» **DATA UNDER STUDY**

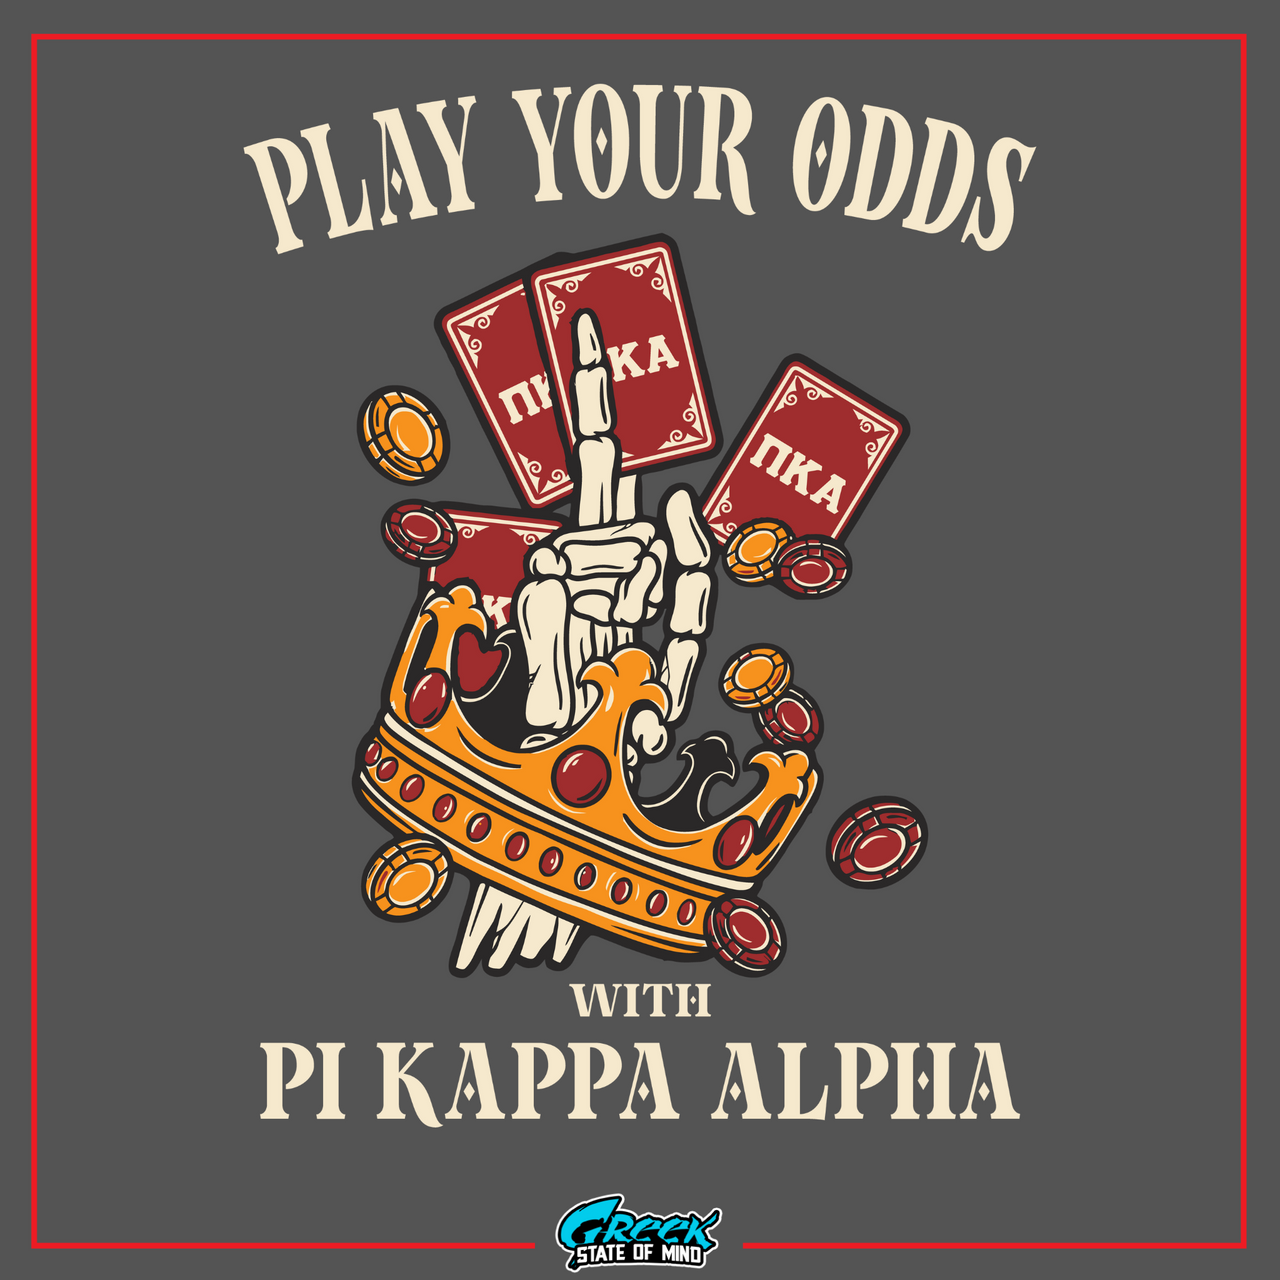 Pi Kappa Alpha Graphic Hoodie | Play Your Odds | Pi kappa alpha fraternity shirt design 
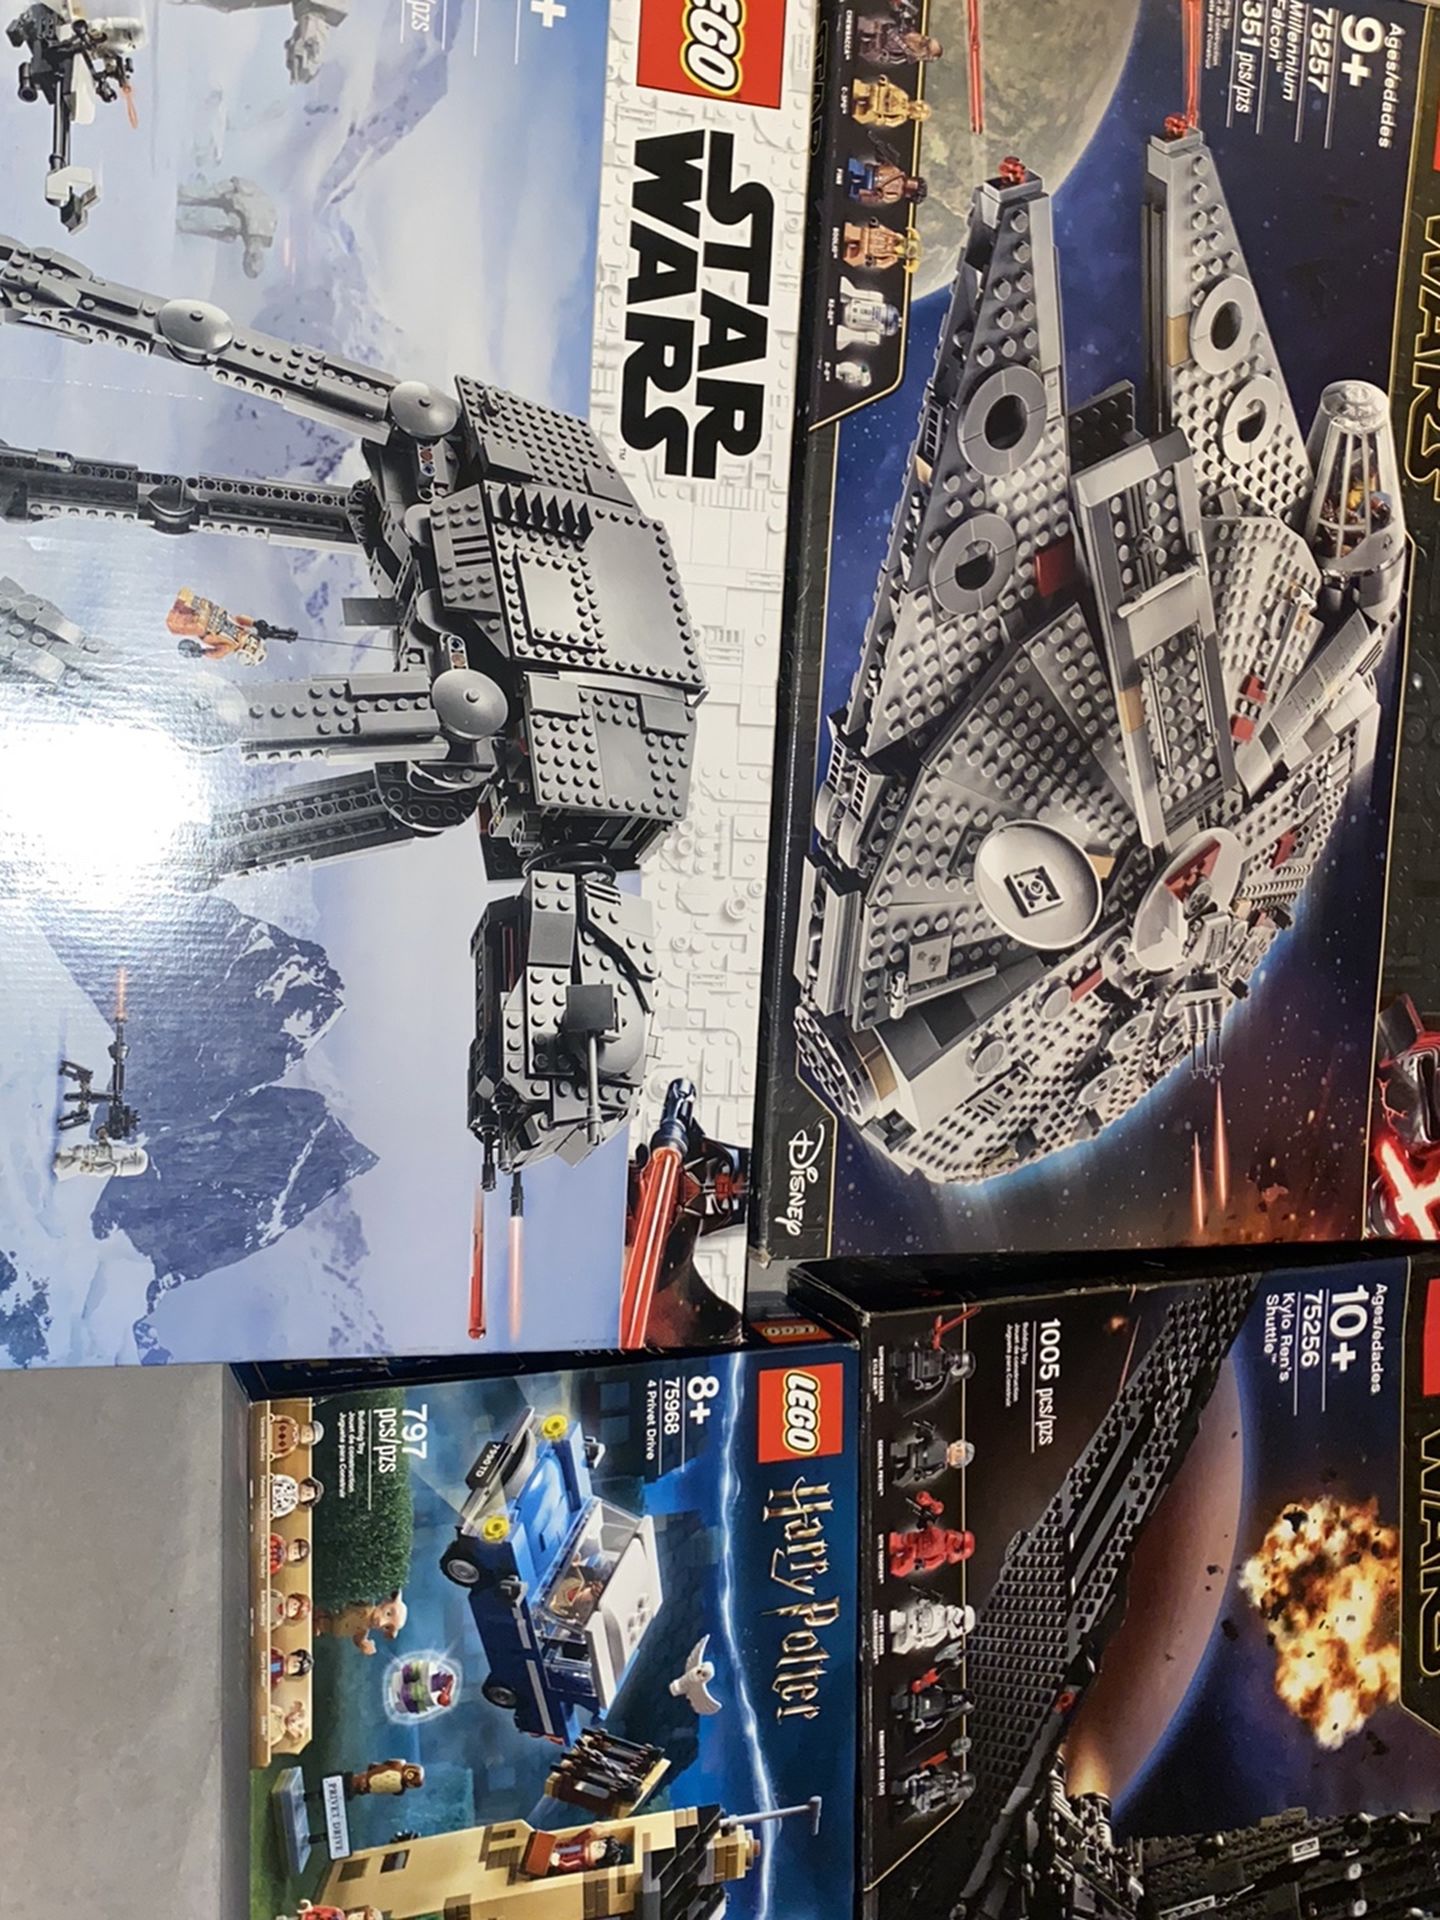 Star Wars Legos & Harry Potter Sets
---
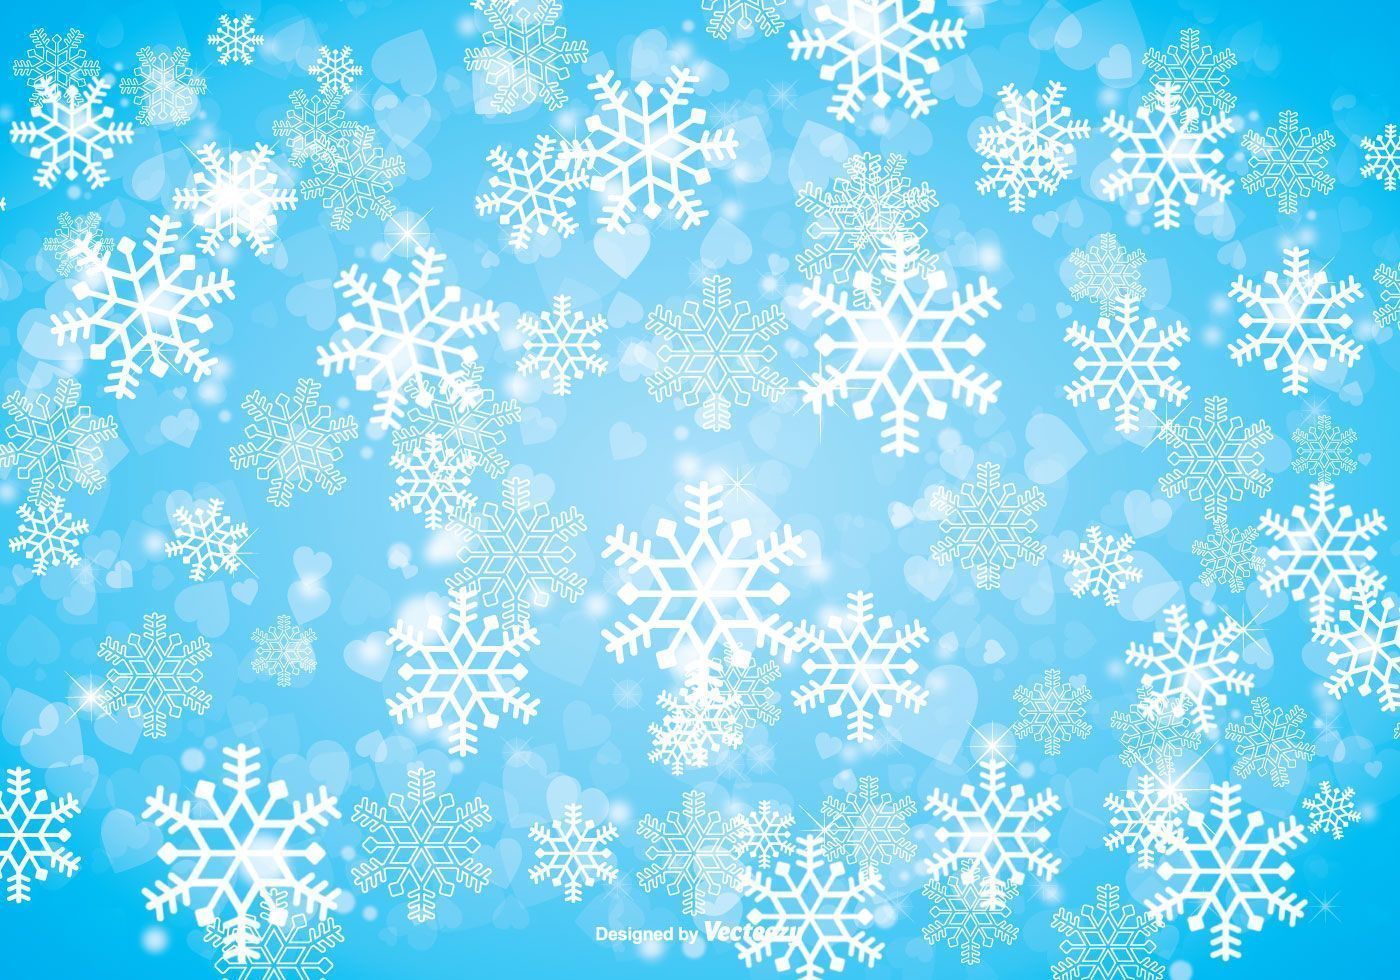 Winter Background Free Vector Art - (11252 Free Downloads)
...
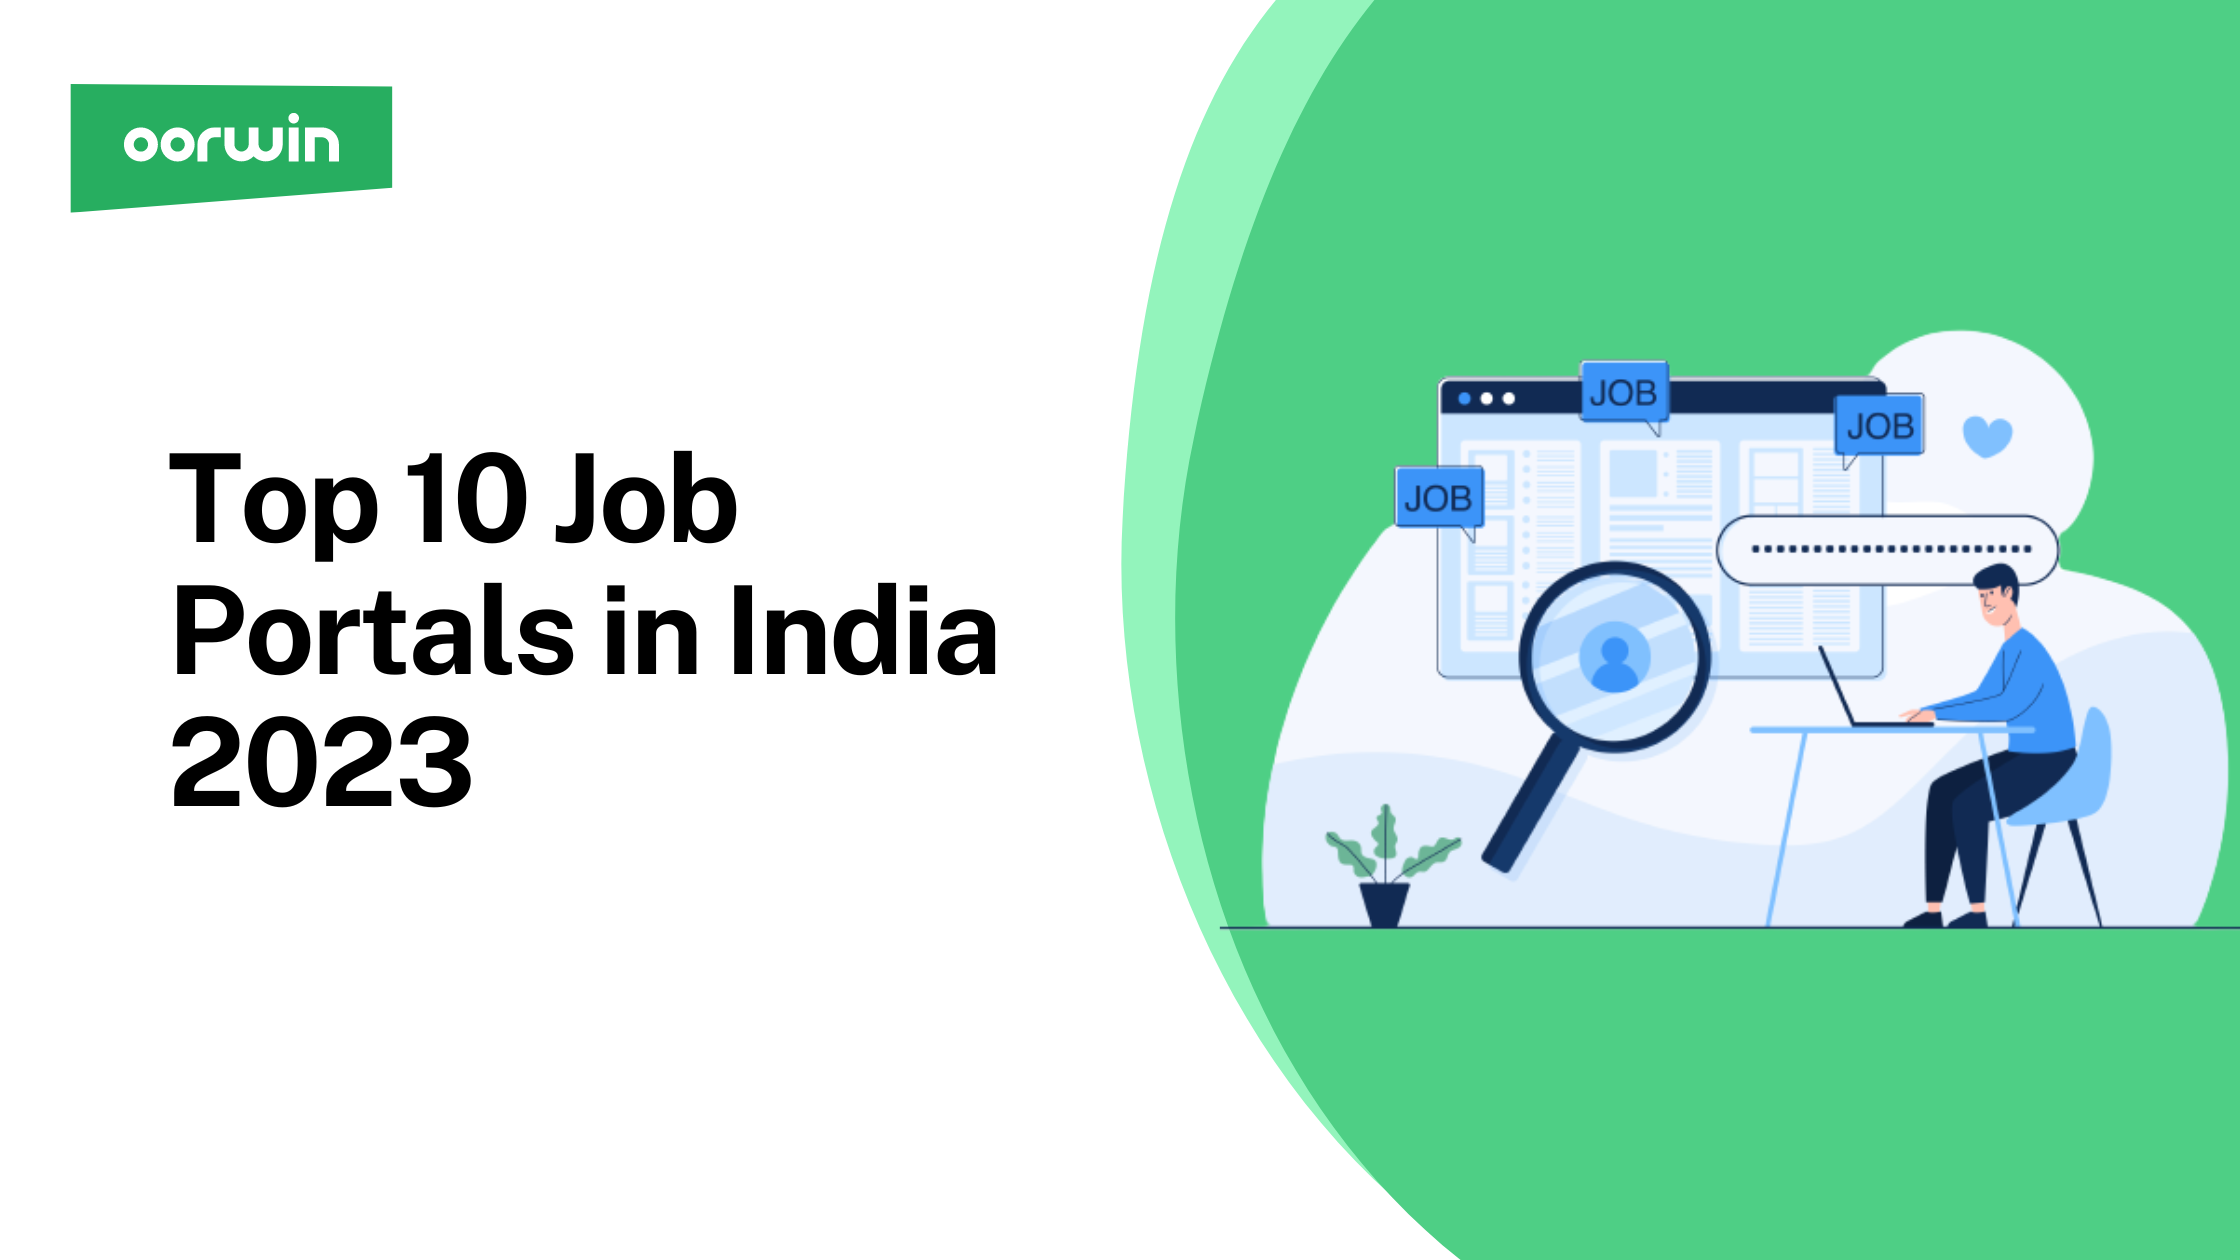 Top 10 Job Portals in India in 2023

» **ACTIVITY**
Could you repeat, exactly, only the lines above starting at the one that has "Pi Kappa Alpha Graphic" and stopping after the one that has "Star Wars Legos & Harry Potter Sets", without the pictures?

» **RESULT OF THE TASK**
 Pi Kappa Alpha Graphic Hoodie | Play Your Odds | Pi kappa alpha fraternity shirt design 
 Star Wars Legos & Harry Potter Sets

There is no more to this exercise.